The podcast with Dr. Ashley Mason was terrific, but could we have a follow-up - Part 2? As Dr. Mason noted, she has gone through the behavioral part of CBTI in detail but not so much the ‚therapy‘ part – changing one´s mindset with regard to sleep – nor how to prevent relapses. The book she recommended is also skewed in this direction. Following the behavioral guidelines she and it suggest is indeed brutal but can be done . . . but for how long? Where does one go from there if one is still (for example) waking up for two hours in the middle of the night after three weeks? How DOES one prevent relapses? (After confining my bed-time to a total of 6 hours, I did not end up sleeping for 5.5, but only 3.5-4.5, for a period of about 2 weeks. I don´t live in California but my wait for a therapist is also going to be long.)
Can Peter discuss studies showing the impact of eating a gram of protein per pound of body weight each day, on maintaining or adding muscle? I’ve heard him say it many times, but what is the science behind it? This is important for a lot us us on Tirzepitide who have trouble maintaining muscle as we lose weight combined with decreased appetite that makes eating enough protein more difficult.
Similar to my question for the same episode (#337) wrt Actos/Pioglitazone Ralph did not address reports that there have been published reports linking exenatide with Pancreatic Cancer. Has the science wrt the safety of exenatide for type 2 diabetes become for settled than it was in 2020?

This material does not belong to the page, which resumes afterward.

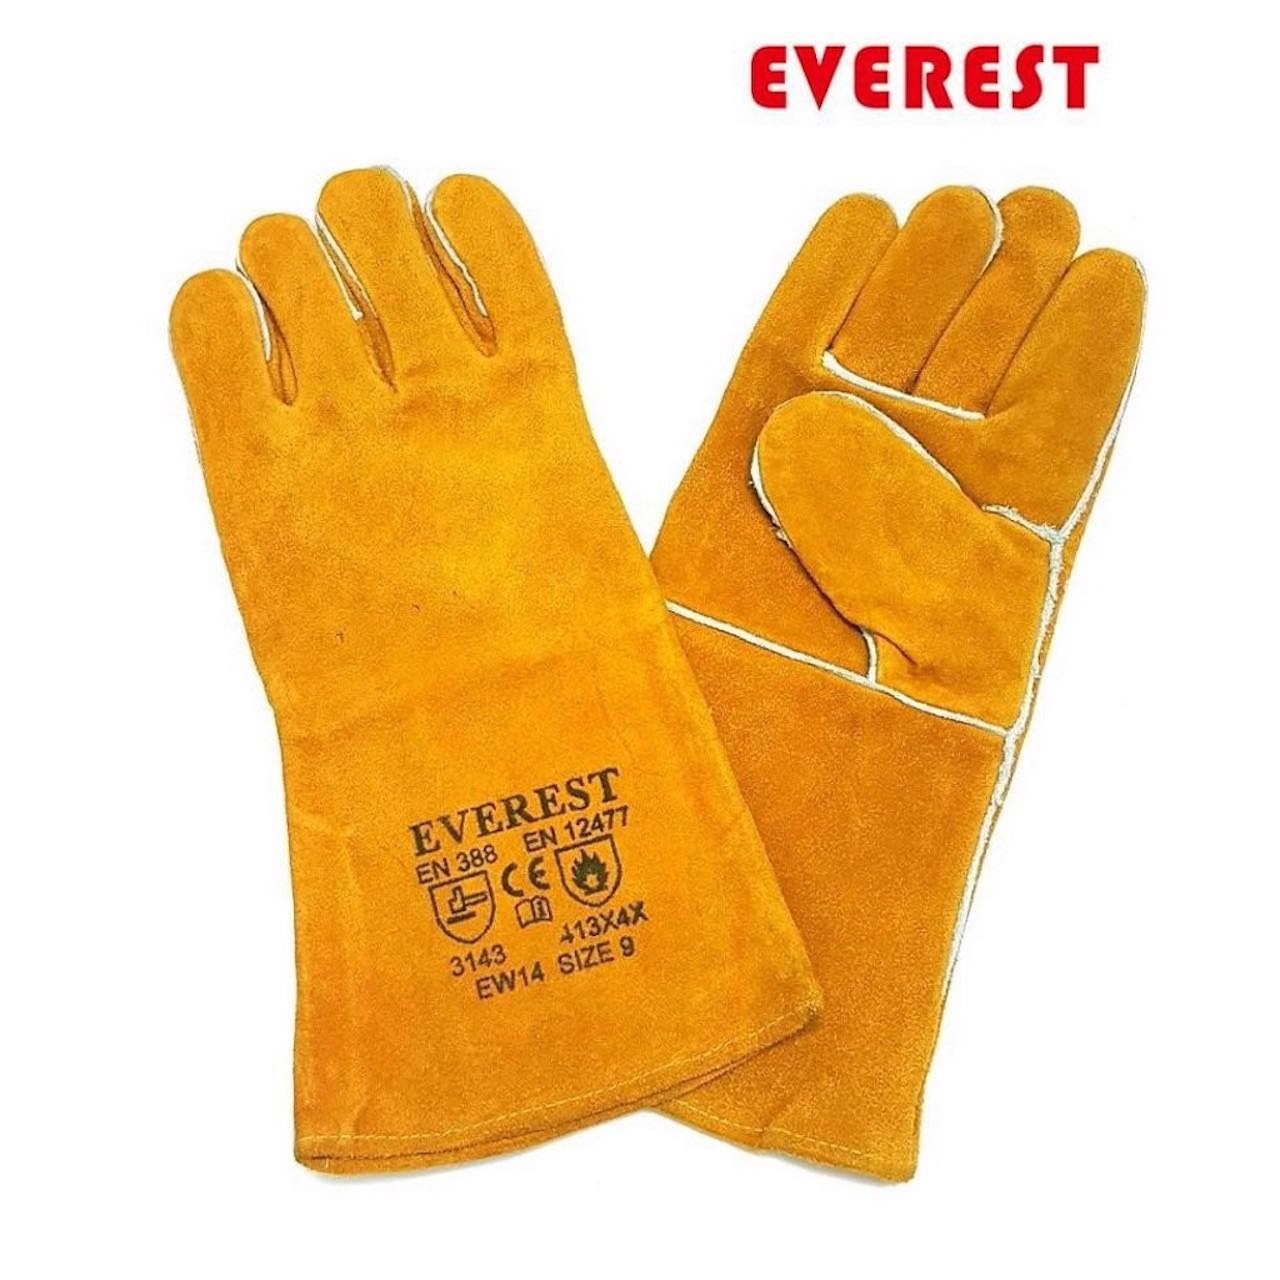 Găng tay da hàn Everest EW14 bao tay chống cháy, chịu nhiệt/ tia lửa văng bắn chuyên dùng hàn que (vàng) - Labor Leather Glove EW14

In Episode 337 Ralph Defronzo claimed to be mystified about doctors’ reluctance to prescribe Actos (aka pioglitzone). Today I asked my Primary Care Physician why I was not put on a combination regimen like the one described by DeFronzo. My doctor mentioned two concerns: 1) fluid retention - which Ralph addressed and 2) cancer risk which I feel Ralph ignored. A quick google search shows that while the science may not been settled there are reports going back to 2009 of a concern that pioglitzone was connected to an increase in bladder cancer and that the relationship was both strength of dose and length of treatment dependent. More interesting is that Ralph himself is listed as an author of a 2019 article entitled: “Pioglitazone: The forgotten, cost-effective cardioprotective drug for type 2 diabetes” (Diab Vasc Dis Res. 2019 Mar;16(2):133-143. doi: 10.1177/1479164118825376. Epub 2019 Feb 1.) In that paper, the authors claim that a large study showed no relationship between the drug and bladder cancer. At the same time acknowledging, that, nevertheless, the FDA was still promulgating a warning to prescribing physcians. I am assuming that there must be liability risks for Doctors when they decide to ignore a warning from the FDA. Has the science behind the risk of Actos aka pioglitazone become more settled than it was in 2019?